Picnic Mini Cherry Pies
For a sweeter, more golden pie, lightly brush the top pastry with milk and sprinkle with granulated sugar before baking.
- 30 min.
- 20 min.
- 4 (1/2 mini pie each)
1. Preheat oven to 375°F. In a medium bowl, combine cherries, sugar and tapioca; set aside.
2. For pastry, in a large bowl stir together flour and salt. Using a pastry blender, cut in shortening until pieces are pea size. Sprinkle 1 tablespoon of the water over part of the flour mixture; toss with a fork. Push moistened pastry to side of bowl. Repeat moistening flour mixture, 1 tablespoon of the water at a time, until flour mixture is moistened. Gather flour mixture into a ball, kneading gently until it holds together. Divide pastry into four portions.
3. On a lightly floured surface, roll out one portion of dough into an 8 1/2-inch circle. Ease pastry into a mini pie pan. Fill pastry with half of the cherry mixture. Trim pastry even with edge of pie plate.

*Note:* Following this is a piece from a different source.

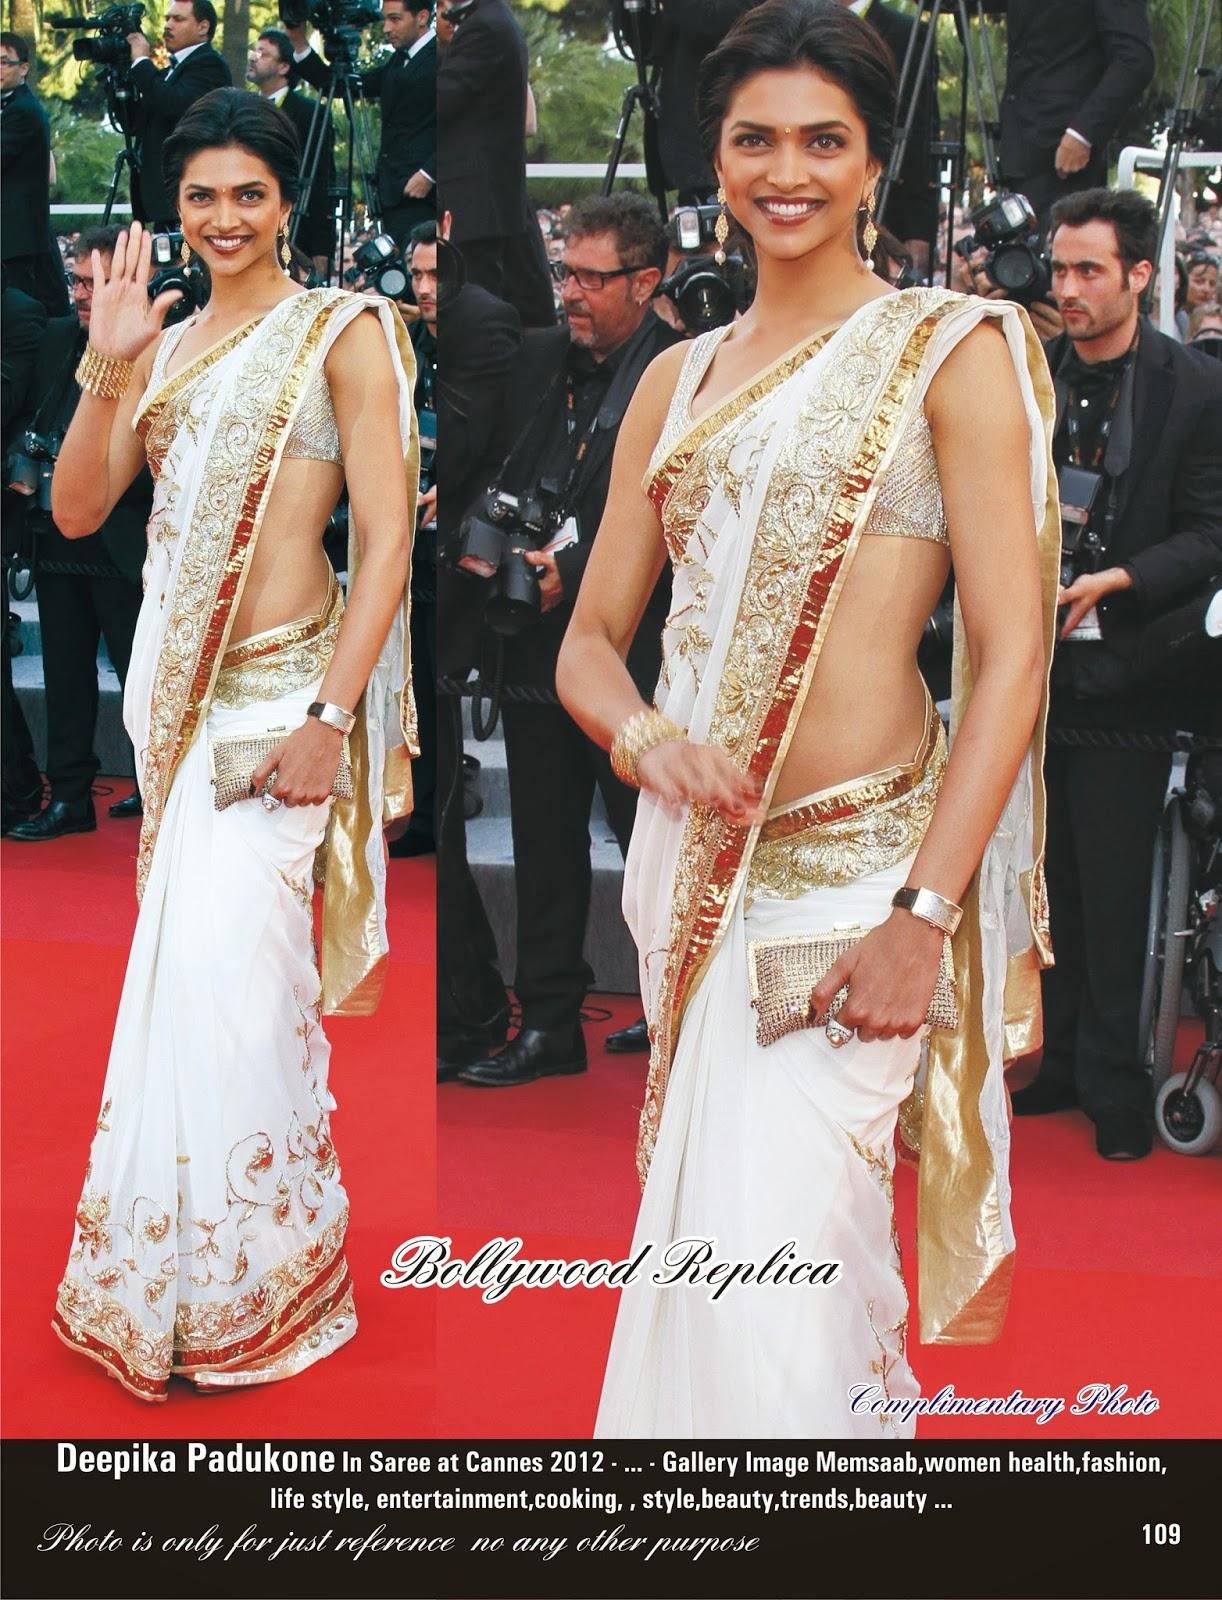 Keep it Stylish!!: Deepika Padukone Sarees and Dresses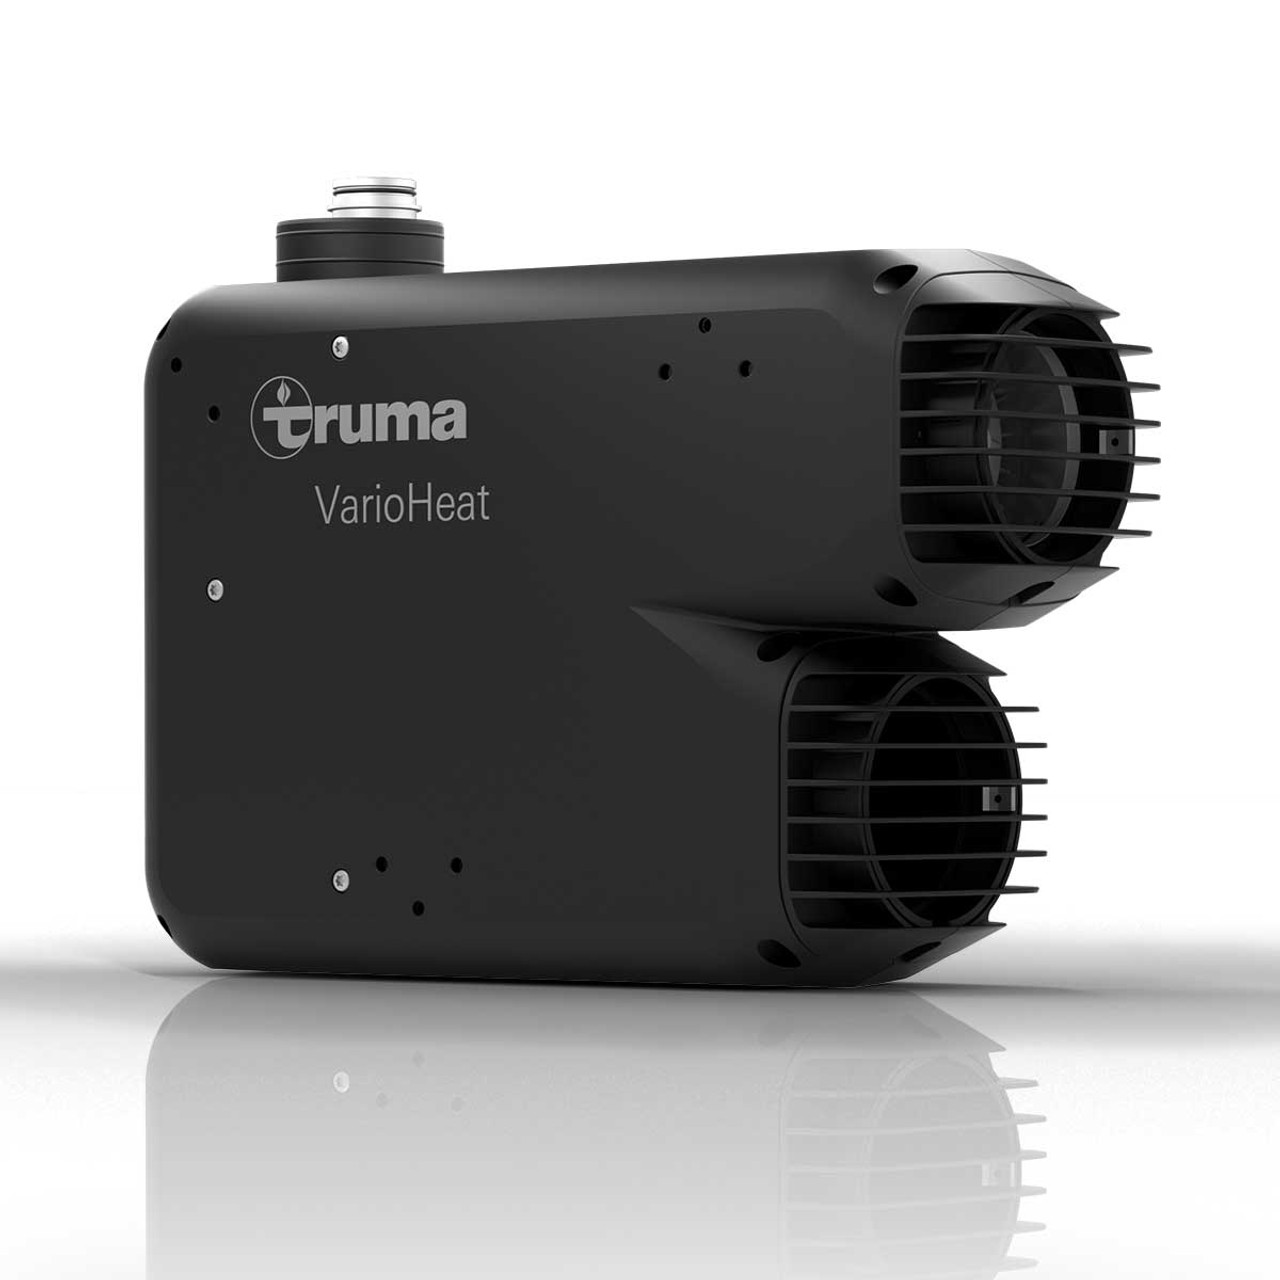 The Truma Varioheat space heater unit

4. Roll another portion of pastry into an 8 1/2-inch circle. Using a sharp knife, cut slits in pastry. Place the pastry circle on top of filled pastry. Trim to ½ inch beyond edge of plate. Fold top pastry edge under bottom pastry. Crimp edge as desired.
5. Repeat for second pie, using remaining pastry and cherry mixture. Place pies in oven. Bake for 20 to 25 minutes or until filling is bubbly and pastry is golden. Cool pies on a wire rack.